Guest post by Steve Dyson: Who’s got the balls to discuss dog shit?

🕔05.Jul 2011

Steve Dyson is a former editor of the Birmingham Mail. In 2007, he raised around 10,000 signatures with a ‘Let the People Decide’ petition to try to force a referendum on an elected mayor for Birmingham. He’s now a freelance journalist, broadcaster and media consultant. You can reach him here.  


You know what it’s like when you find yourself hemmed in between tedious neighbours discussing boundaries, tree heights and fence preservatives.

Your eye-contact flickers, your mind wanders, the left side actively starts thinking about lunch, the right side waits to pounce on a moment’s pause to make your excuses and pretend to go to post a letter.

That feeling has started to emerge during recent discourse between local politicians, businessmen and various hangers-on about what an elected mayor may or may not mean for Birmingham.

Educated but repetitive participants have become too engrossed in bland, general statements or half-hearted challenges about reputation, prestige, the economy, commerce and the relative merits of ‘the buck stops here’.

All such concepts are, of course, important within governmental, industrial and banking circles.

But guess what?

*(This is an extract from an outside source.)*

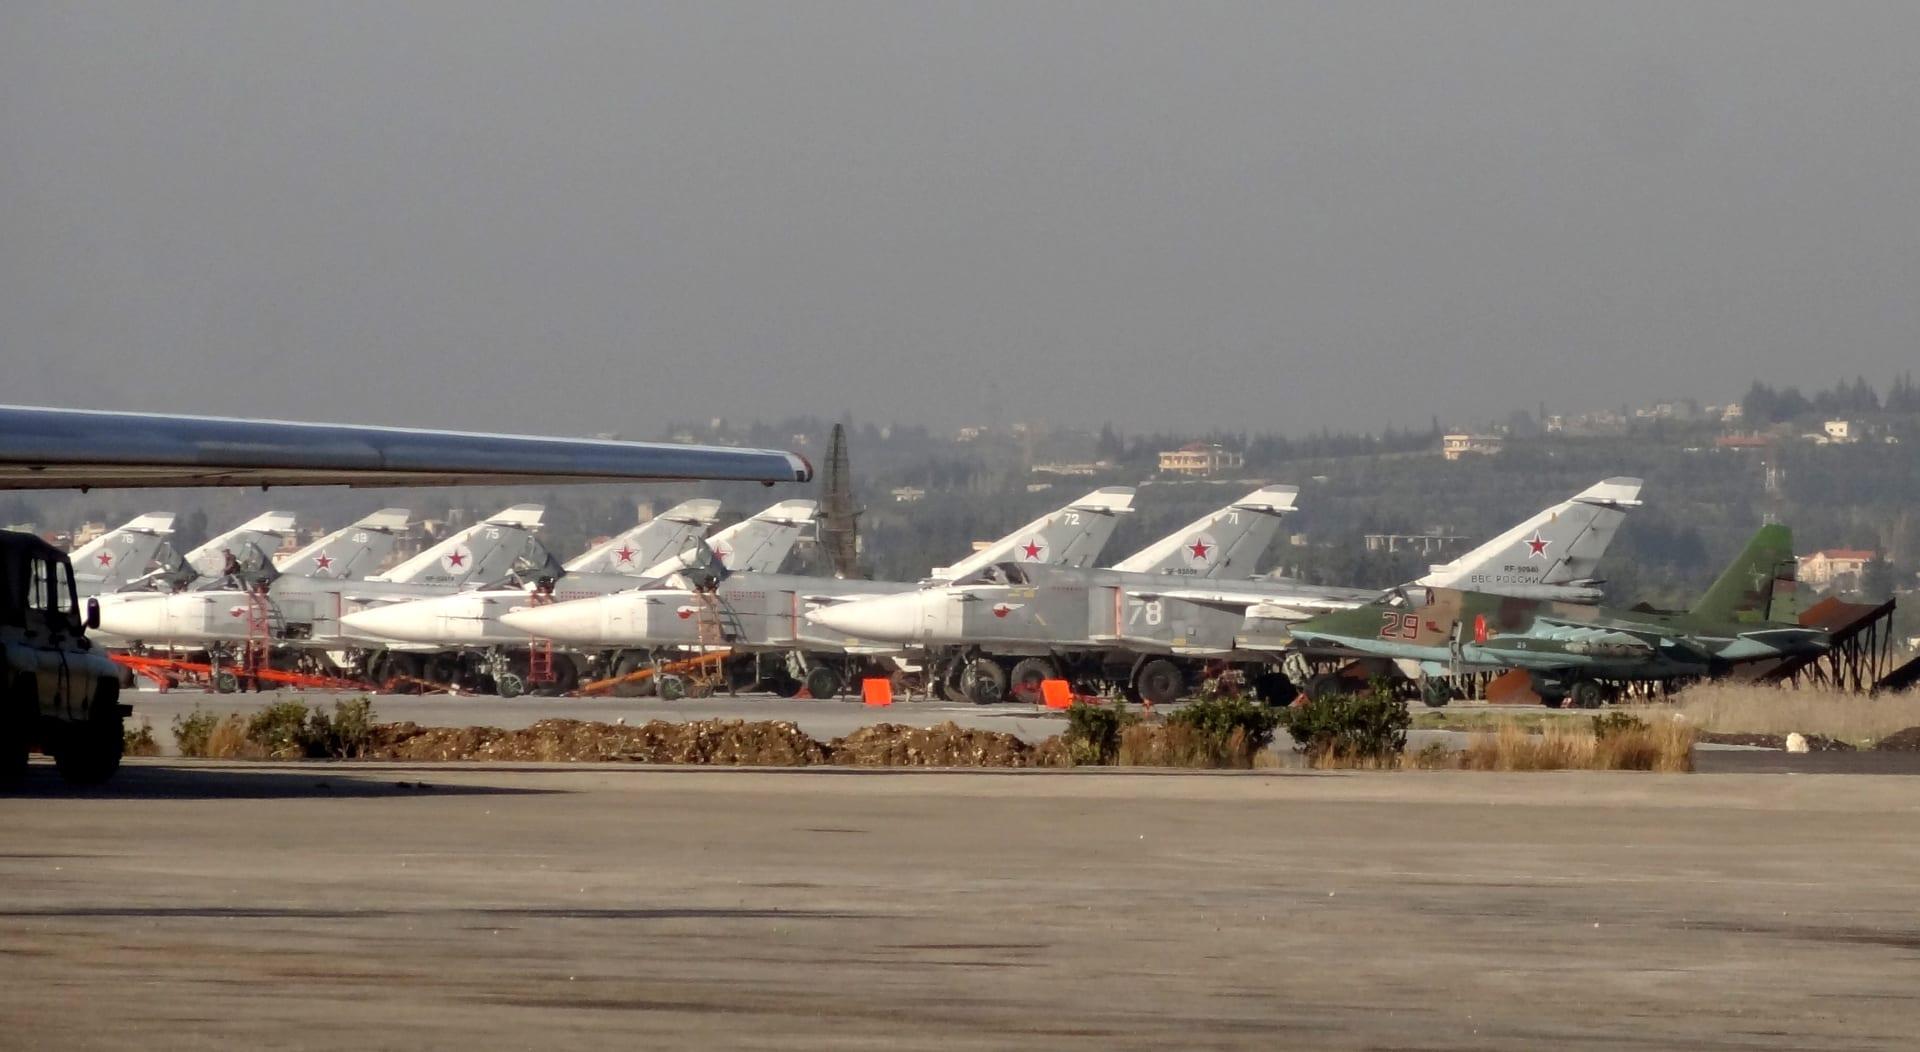 مسؤول: لا إشارات على عمليات انتقامية لروسيا أو النظام السوري بعد الضربة

The current wittering is as near as damn it to meaningless to Joe Public and Mrs Annie Body – the people responsible for deciding on whether or not to have an elected mayor.

If it remains so, the already tepid reasons to vote either ‘yes’ or ‘no’ in the forthcoming  referendum will start to chill – though the ‘no’ count may well inflate as frustrations at a perceived irrelevance of the proposed system become positively annoying.

To grab the general public’s attention and interest in the debate – let alone to stir a passion for change – the city has to start talking about what an elected mayor might mean for the average man and woman of Northfield, Sparkbrook, Weoley Castle and countless other suburbs.

Yes, I’m talking about the electorate, 99 per cent of whom live outside the city centre and are more interested in improved security on new buses than securing new business improvement districts.

Not just buses, but also: the fear of hooligans on street corners and the lack of police to deal with them; the cleanliness and safety of local parks; beggars on street corners; menacing door-knockers; the number of after-school lollipop men and ladies; the overall security of children out playing; the standard of school dinners; and how to improve the quality of bin collections.

In short, who’s got the balls to discuss street-level issues like dog shit and a Mayoral crackdown on those selfish sods who don’t scoop the poop?

These are the kind of conversations you hear from real people living real lives on real estates and cul-de-sacs in Birmingham, a world away from the monotonous breakfast briefings to wearers of pin-stripe suits.

The concept of elected mayors in Birmingham needs no more academic papers, fewer tweeting lords and a smaller proportion of London-based experts deciding the issues; it badly needs an injection of local imagination and flair, with a sizeable portion of the common touch.

Surely that’s a problem for would-be mayoral candidates, I hear you protest.

Well unless someone, somewhere in Birmingham starts to make it an interesting debate, the result of next May’s referendum will be an embarrassing democratic flop, and there will be no mayoral candidates.